# Shaker Style TV Cabinet Plans



## Hillsboro (Jun 20, 2010)

My wife has contracted me to build a TV cabinet for our new 55" flat screen. Given the style of furniture in the room she has requested that this new piece by made in the Shaker style.

Question: does anyone have any suggestions on a source(s) of Shaker plans? I have several of Thomas Moser's books but nothing in them fits the requirement.

Many thanks.

Phil


----------



## jdmaher (May 4, 2011)

Something like this?


----------



## GrandpaLen (Mar 6, 2012)

Phil,

You can adjust the plans for any cabinet carcass to fit your needs. The Shaker Style is the cosmetic treatment of the face frame, doors and drawer fronts. 
Can you "See one, Be one" make one (doors and drawer fronts) from a picture of Shaker Style?

Here's a couple of ideas;

A Corner Unit.










A Wall Grouping.










These are pictures of Retailed, Entertainment Centers, sorry no plans available, but you could adapt these face frame Styles from cabinet carcasses that you have seen in your Thomas Moser's books.
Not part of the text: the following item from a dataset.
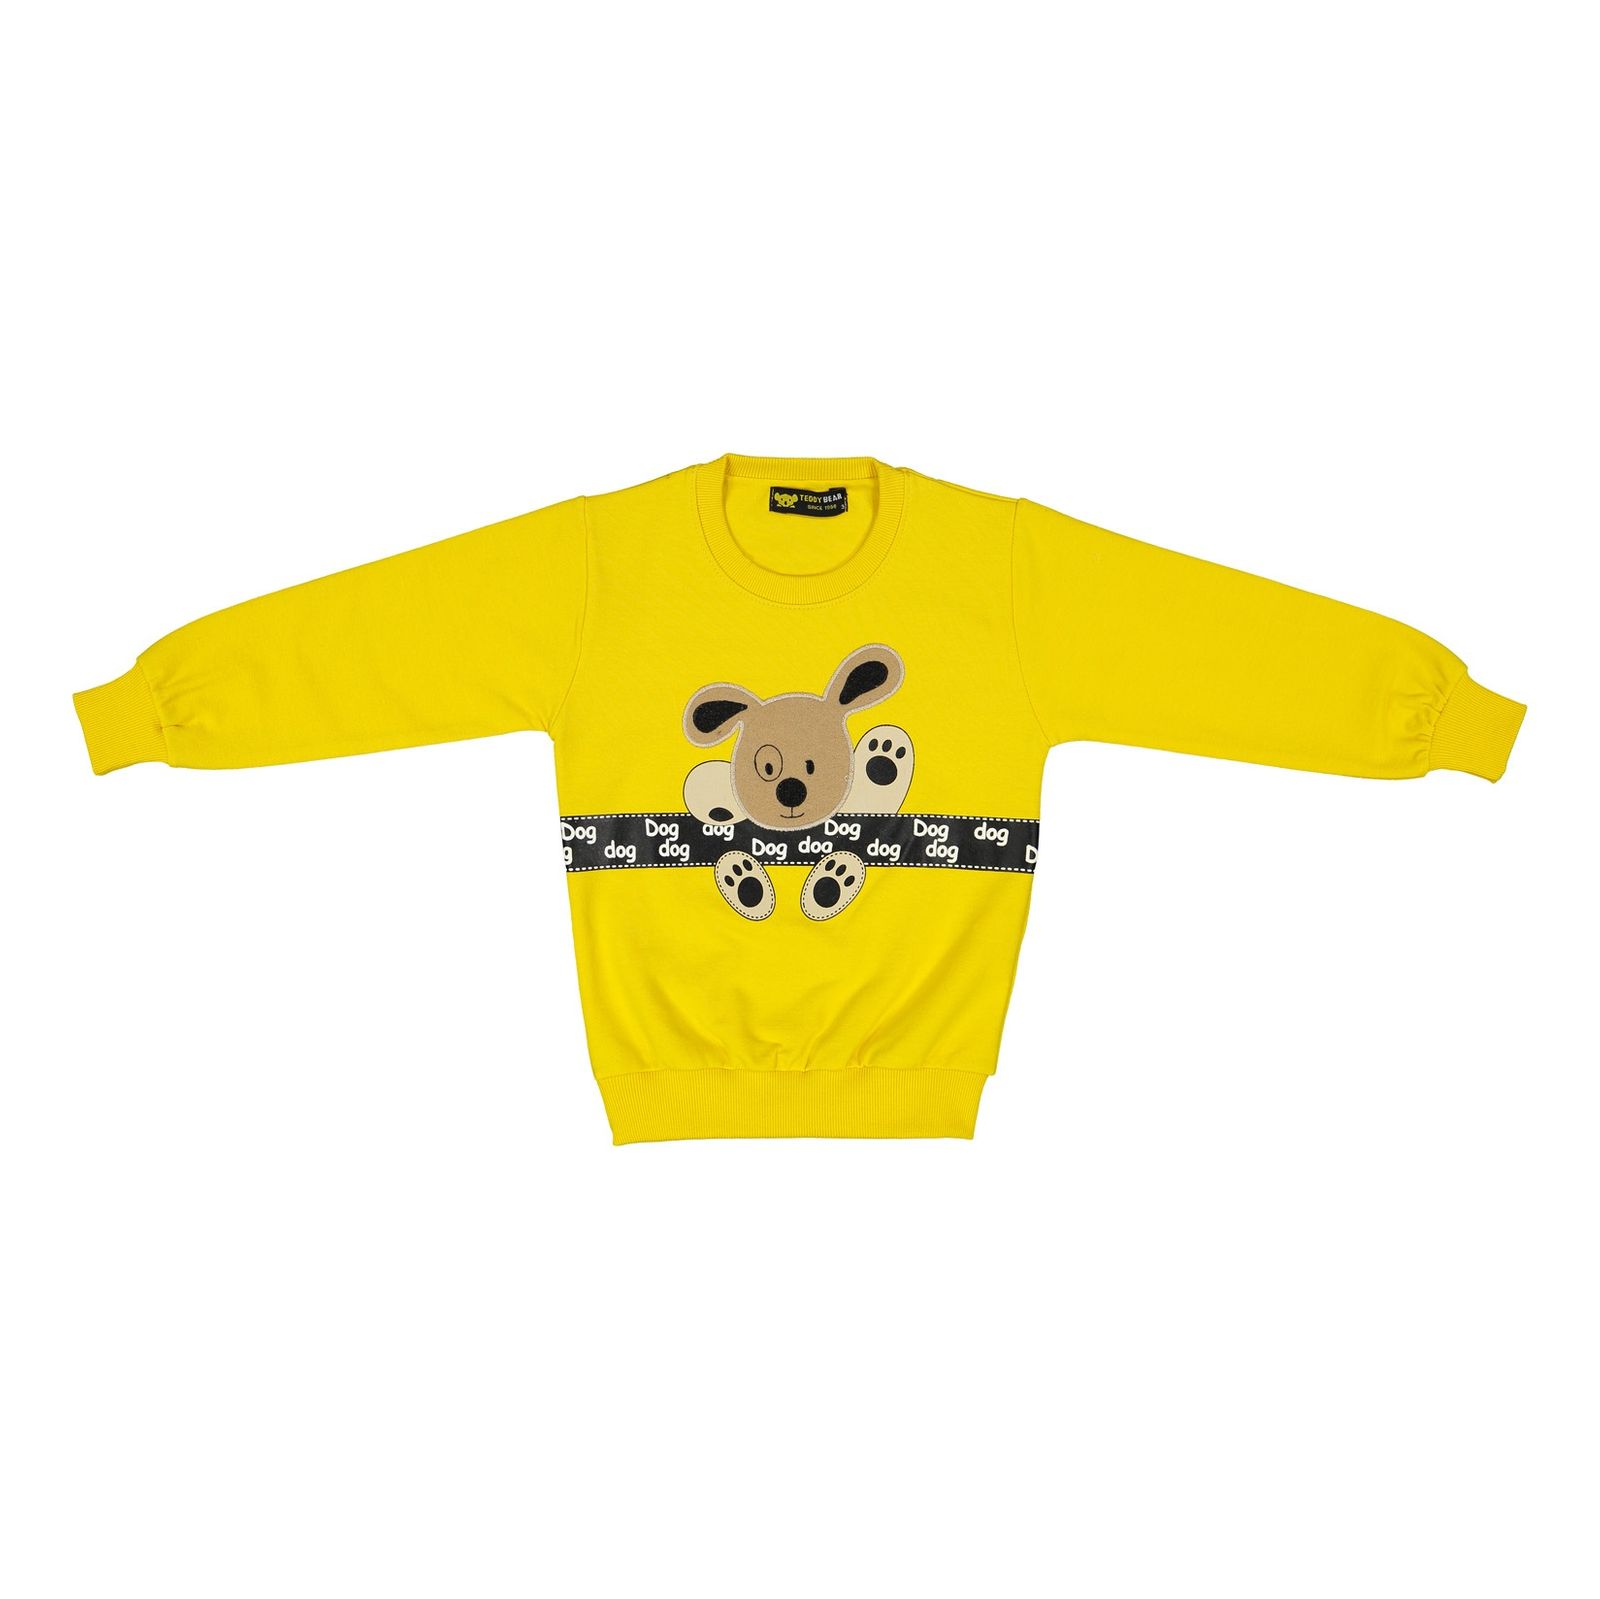 ست سویشرت و شلوار پسرانه خرس کوچولو مدل 2101105-16 - زرد - 3

Best Regards. - Grandpa Len


----------



## GrandpaLen (Mar 6, 2012)

Phil,

This morning I received an e-mail Ad from American Woodworker Magazine, [email protected], it was promoting a new adjustable router bit from Freud, the 'New Shaker Profile'. 
Not that you may be interested in this bit so much as at the bottum of this ad was a 'Link' to FREE PLANS from Freud on there Facebook Site, and it features Shaker Style.
https://www.facebook.com/Freudtools?v=app_348667071890249#!/Freudtools/app_348667071890249

You may find Plans or at least, inspiration for a Design, for you project here.

Work Safely and have Fun. - Grandpa Len


----------